Generalized Trauma and the Responsibilities of the Artistic Monument

There are people whom we do not fully know, and yet they live in a warm place within us, and when they are plundered, 

when they lose their bodies and the dark energy disperses, that place becomes a wound.

- Ta-Nehisi Coates, Between the World and Me

 

I remember the first time I saw documentation of performance artist Ana Mendieta’s “Untitled (Rape Scene)” for which I was completely unprepared. I was sitting in a studio at the San Francisco Art Institute as a prominent Art Historian from UC Berkeley sat in on our small reading group and told me what a brilliant artist this was. In this particular performance piece, Mendieta tied her naked body over her kitchen table and invited her friends over. The purpose was to get her unknowing friends to viscerally react to this monstrous act of rape that had seemingly happened. Being shocked and appalled by this make-believe-rape and the sense that she desperately craved to feel female victimhood, I adamantly opposed this art historian’s claim. Her only response to me was, “Would you rather she actually had been raped?” Being shocked and traumatized, and belittled as a young scholar, I did not respond. But I wish I could have been able to articulate to her at the time how repulsive it was to me that this woman wanted to feel community support for a horrific trauma she did not possibly understand. And that artistic expression has responsibilities to the communities and to the bodies it represents.
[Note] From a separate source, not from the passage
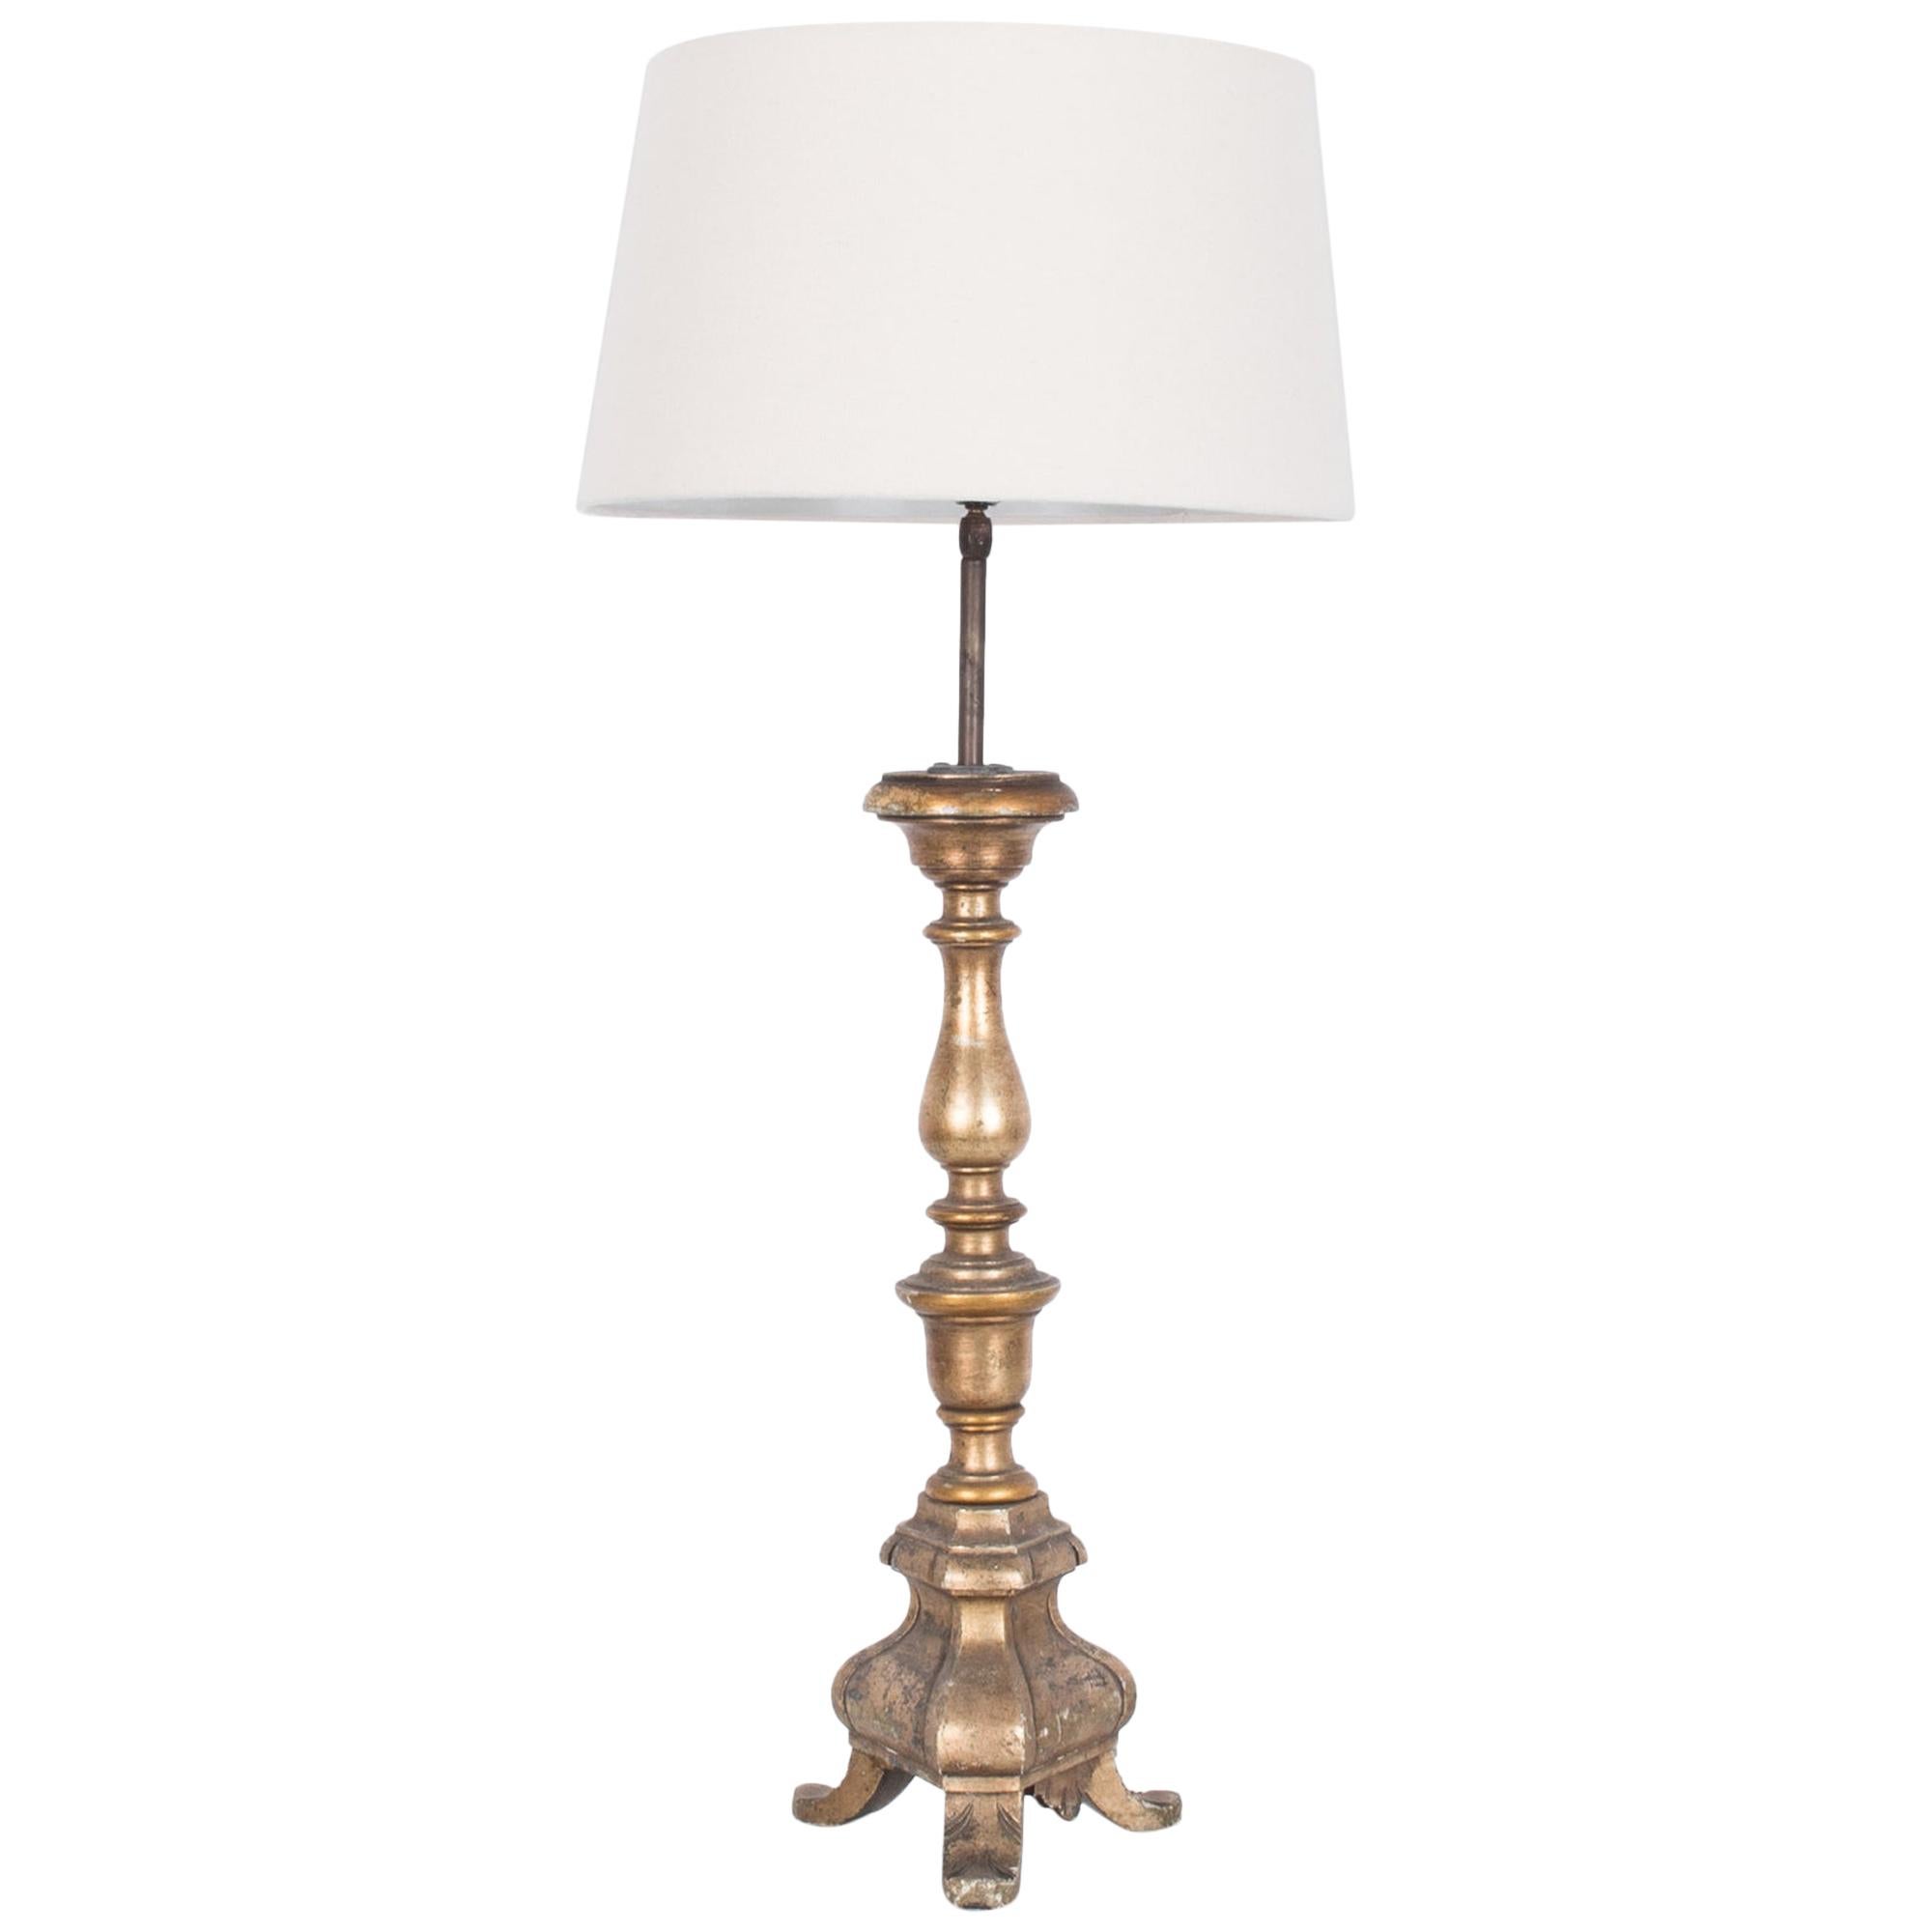 French Provincial Gilded Table Lamp For, Antique French Provincial Table Lamps

As a straight-cis-female, I do not have the same connections to Pulse as many of my colleagues do. The sets of fears we have and the ways in which we move through the world are very different. Yet we all feel the need to connect, to empathize, and to support each other in our grief. But what responsibilities do artists and musicians have to the victims? The survivors? The community? What are the responsible aesthetics of such a tribute?

Sia recently released the song “The Greatest” as a tribute to Pulse. Without the video, the song itself sounds no different than many of her other recent power songs. The bass pounds in a heartbeat-reminiscent rhythm, there are many dynamic swells that add to a listener’s sense of forward movement, and yet the repetitive lyrics mention nothing of the tragedy itself:

“Don’t give up, I won’t give up”

“I transform with pressure”    

“I’m free to be the greatest here tonight”[1]

It would seem that dedicating this song to Pulse was an afterthought. This song could literally be about any other trauma to overcome; in fact, Sia also used the song to claim that Hillary Clinton had “stamina” after Trump’s remarks in the first presidential debate. In the video, we see dancers lifeless on the floor as light shines through the bullet holes left in the wall behind them. This image took me back to Mendieta’s “powerless” body and the implications of violence through meaningless visual representations of such violence. Ultimately, what are the intentions of works such as these? Solidarity? Healing? Capital? And to what standards should we hold art and music that claims to be a tribute to violence and trauma? Art such as this should seek to mend, and not merely reopen or exploit the wounds left by lost bodies.

"The Greatest," by Sia

 

Notes

[1] Sia Furler ft. Kendrick Lamar. “The Greatest,” This is Acting. 2016.